In the meantime, property owners still have to plan for the future, whether that means deciding how to use their property, or whom to rent commercial space to and under what terms. Operators and landlords alike are uncertain what to expect: on the one hand, state governments are issuing cannabis licenses freely; on the other, the federal government is telling its prosecutors to pursue any and all of them as they see fit–  regardless of any state’s laws. One strategy for approaching all this uncertainty is by building early termination contingencies into the lease. Below are a few of many contingencies that commercial cannabis landlords and tenants alike should consider including as part of a potential tenancy.

  1. Federal enforcement actions. This is what keeps state-legal operators up at night and what many legislators are currently trying to protect against. As long as cannabis remains federally illegal in all forms, however, this will remain a risk. One way to potentially mitigate that risk is by allowing for mutual early termination options in the event of any actual or specifically threatened enforcement actions, such as civil asset forfeiture. If the federal government’s goal is for cannabis operations on the premises to cease, then allowing each party an opportunity to force termination of the lease should be helpful.
  2. Changes in federal law and/or enforcement priorities. Similar to federal enforcement actions, the parties may want to include options to terminate the lease early if something changes at the federal level to an extent that both parties no longer feel comfortable with state law compliance alone. How significant that change would need to be is up to the parties’ negotiations and levels of risk tolerance. For example, while the Cole Memo has been rescinded, the Rohrabacher-Blumenauer amendment protecting state-compliant medicinal operations is still in effect (if only barely), so the recent federal action may not necessarily be cause for parties to end a tenancy.
  3. Cole Memo priorities as affirmative lease obligations. Just because the Cole Memo has been withdrawn does not make it irrelevant. The Cole Memo is essentially a well-thought-out list of the federal government’s highest priorities for enforcement against cannabis operators, such as preventing sale to minors, diversion to non-cannabis-legal states, and revenue to criminal organizations. Keeping these priorities in the lease as affirmative obligations that the tenant must comply with, and giving the landlord an early termination option if any one is violated, adds an extra layer of protection for both parties and helps further the state’s goal of elevating good actors and sorting out the bad. Also, we’ve already seen some federal prosecutors issue statements to the effect that existing enforcement priorities (i.e. the Cole Memo) will guide future enforcement decisions.
  4. Change in local laws/nonconforming use designation. Federal enforcement and changes in federal law are not the only things to pay attention to. California law gives cities and counties final say in whether and to what extent cannabis operations will be allowed in their jurisdictions. If something changes in local law, such as a zoning ordinance, and the proposed use becomes nonconforming and unlawful, then whether or not operations have commenced, the parties may want an option to exit the tenancy rather than fight the local government.
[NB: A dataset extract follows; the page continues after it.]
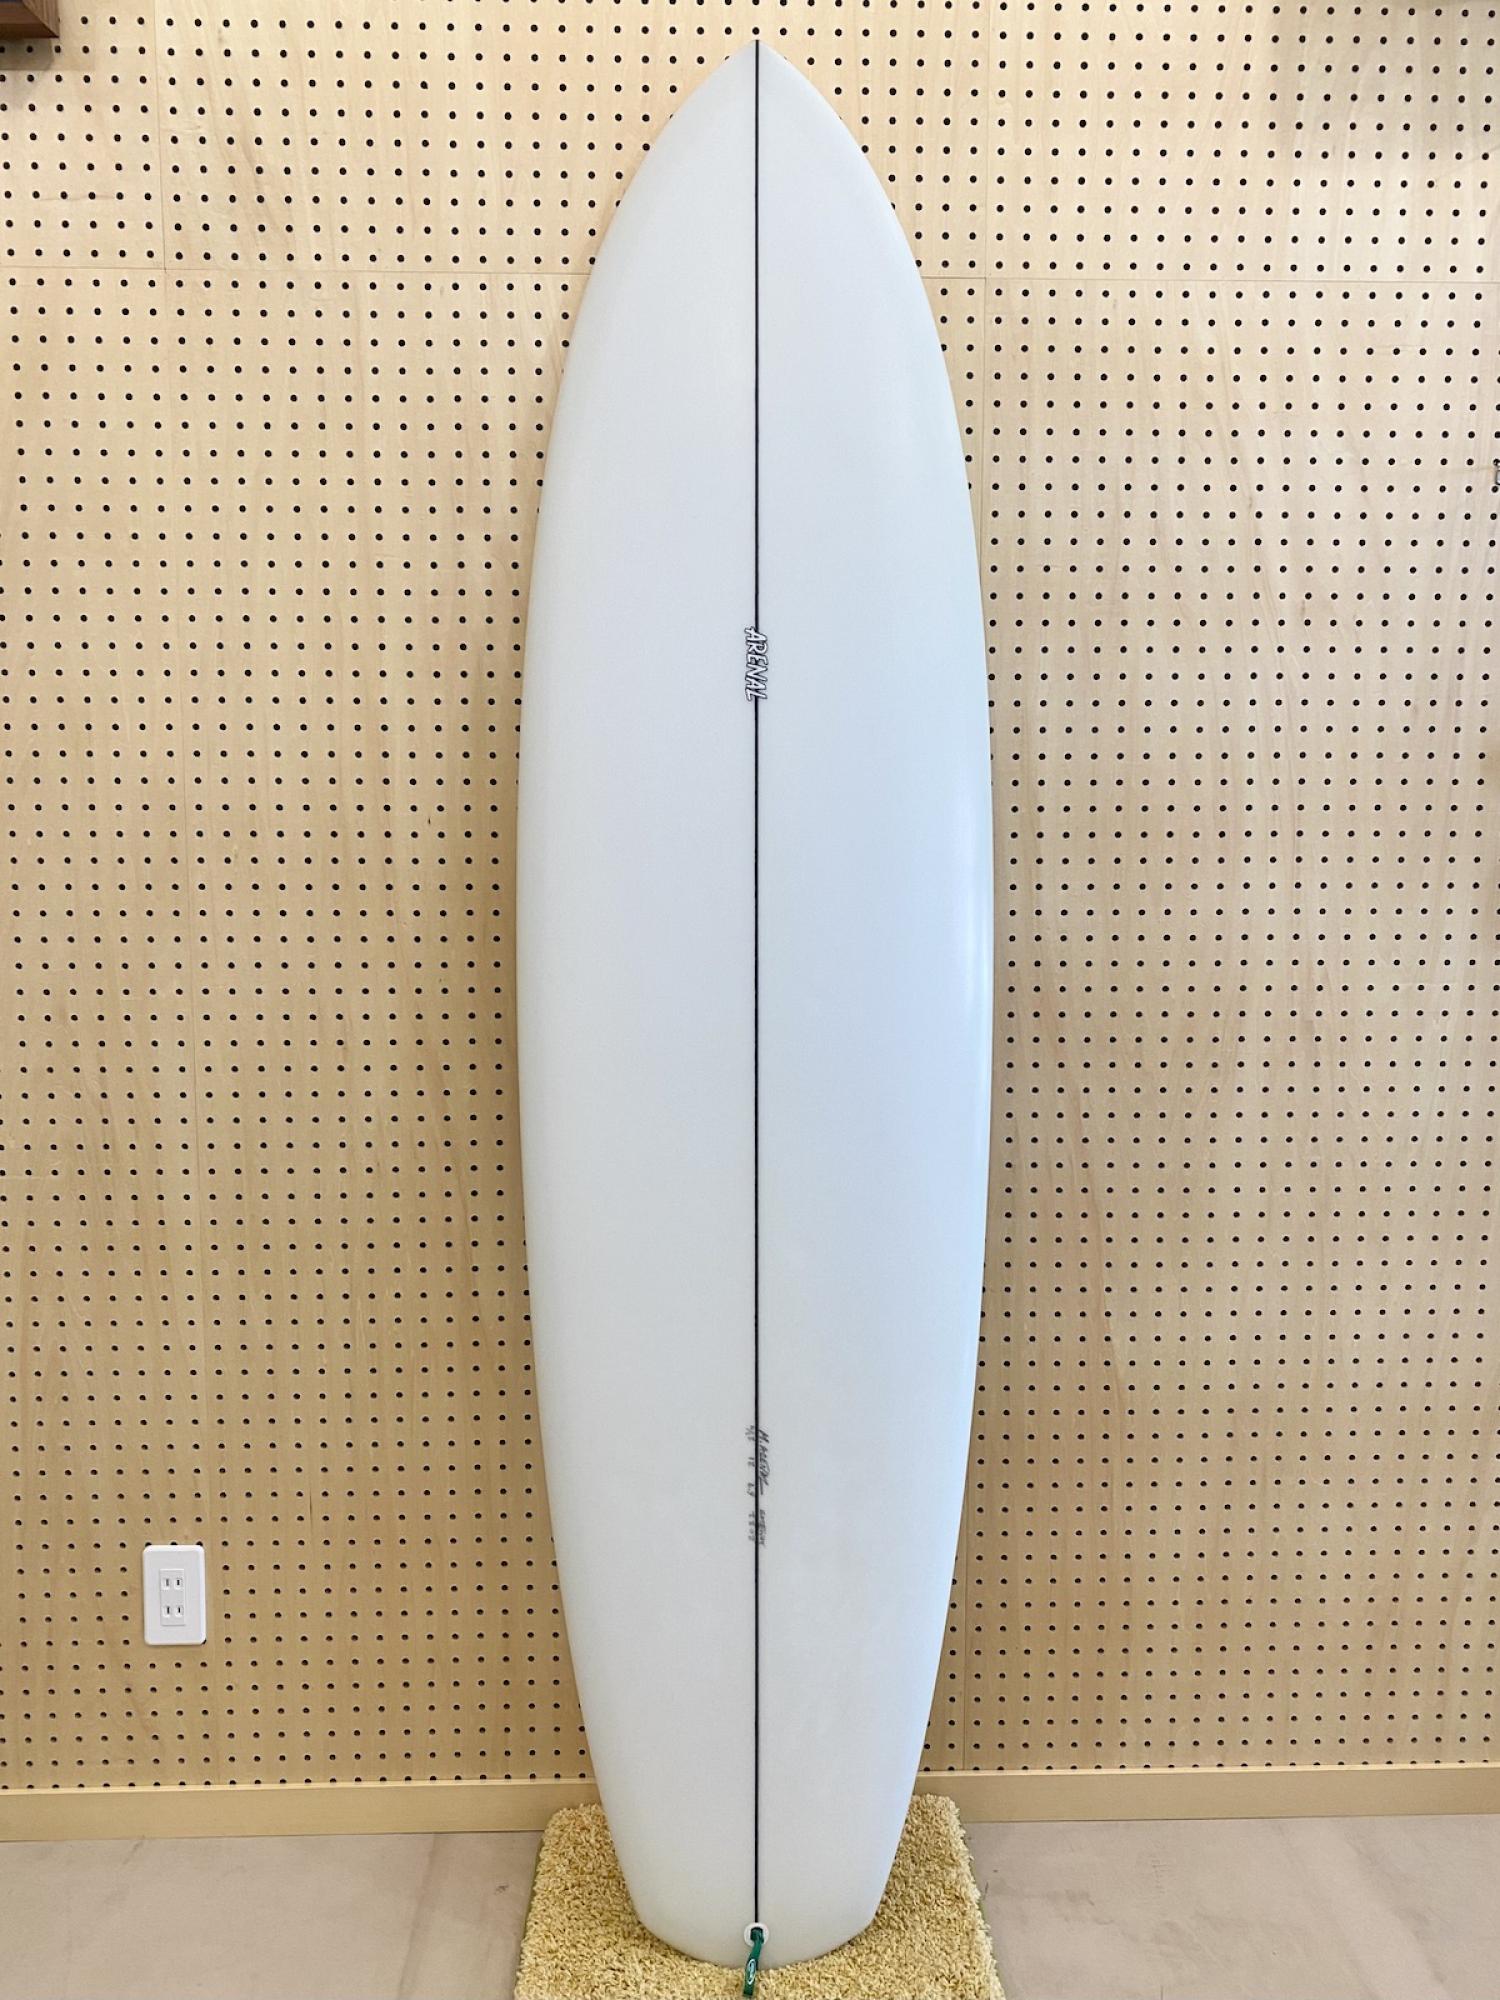 USED (6.9 Gateway Twin Arenal Surfboards)
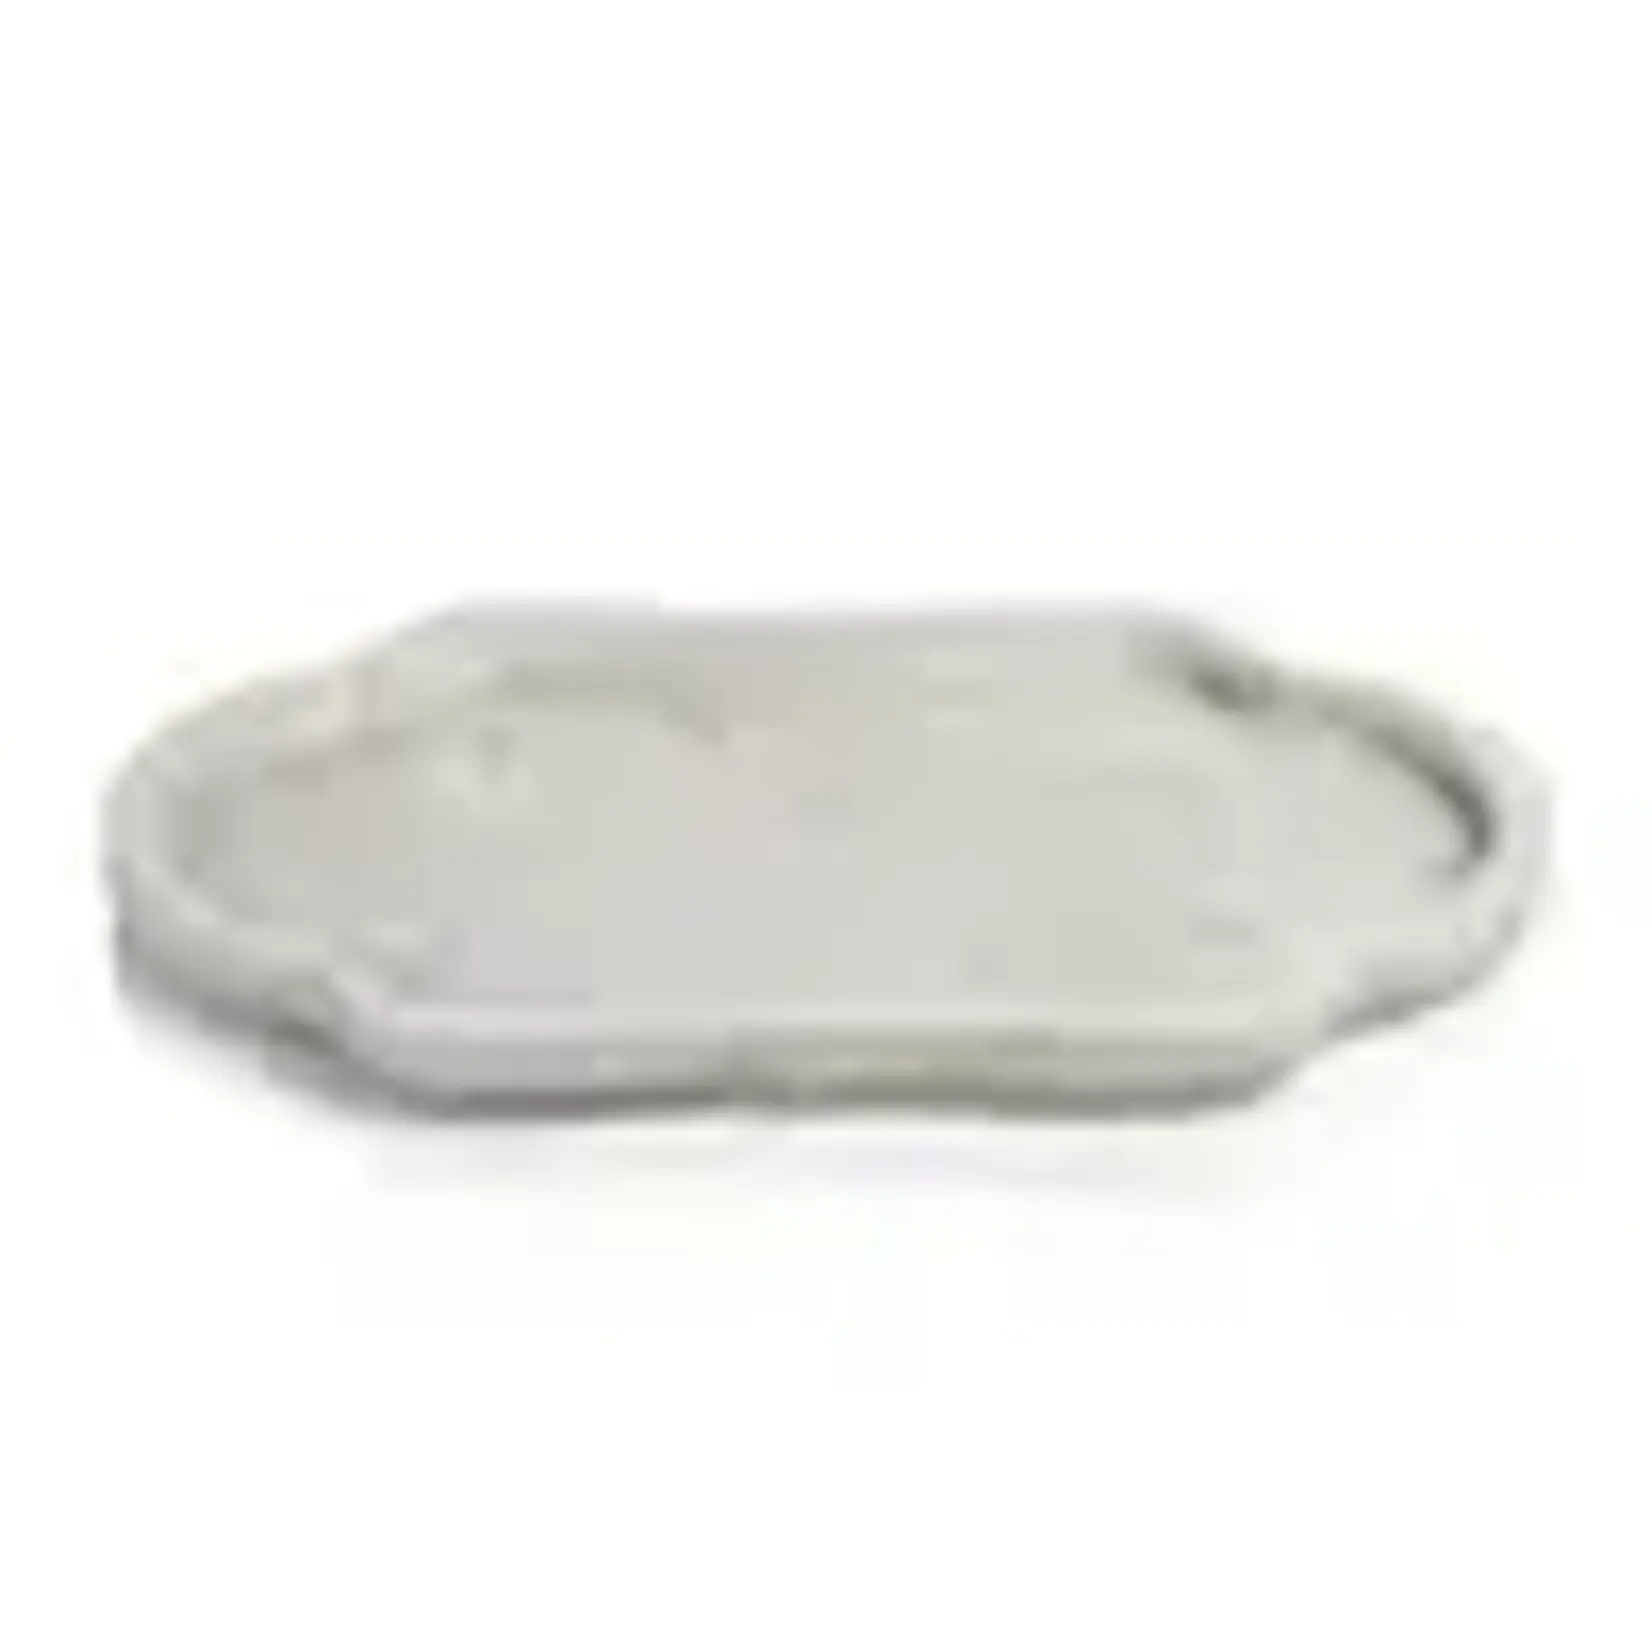 Zodax Pietre White Marble Tray - Large

  5. Secured interests. Just as with residential mortgages, contracts supporting secured interests on commercial property often contain “compliance with all laws” provisions. In light of the recent federal action, lenders may be less comfortable with cannabis uses on the property securing their investment, and may be more prone to call the loan due in full, creating a problem for both landlord and tenant. In such event, the landlord may want an option to terminate the lease early without penalty.

We don’t know where the state-vs-federal conflict will go from here, and for now the cannabis industry will have to continue dealing with uncertainty. So far it seems the market is betting on the states to come out ahead. In the meantime, there are some meaningful items to include in a commercial cannabis lease that may mitigate some uncertainty and risk.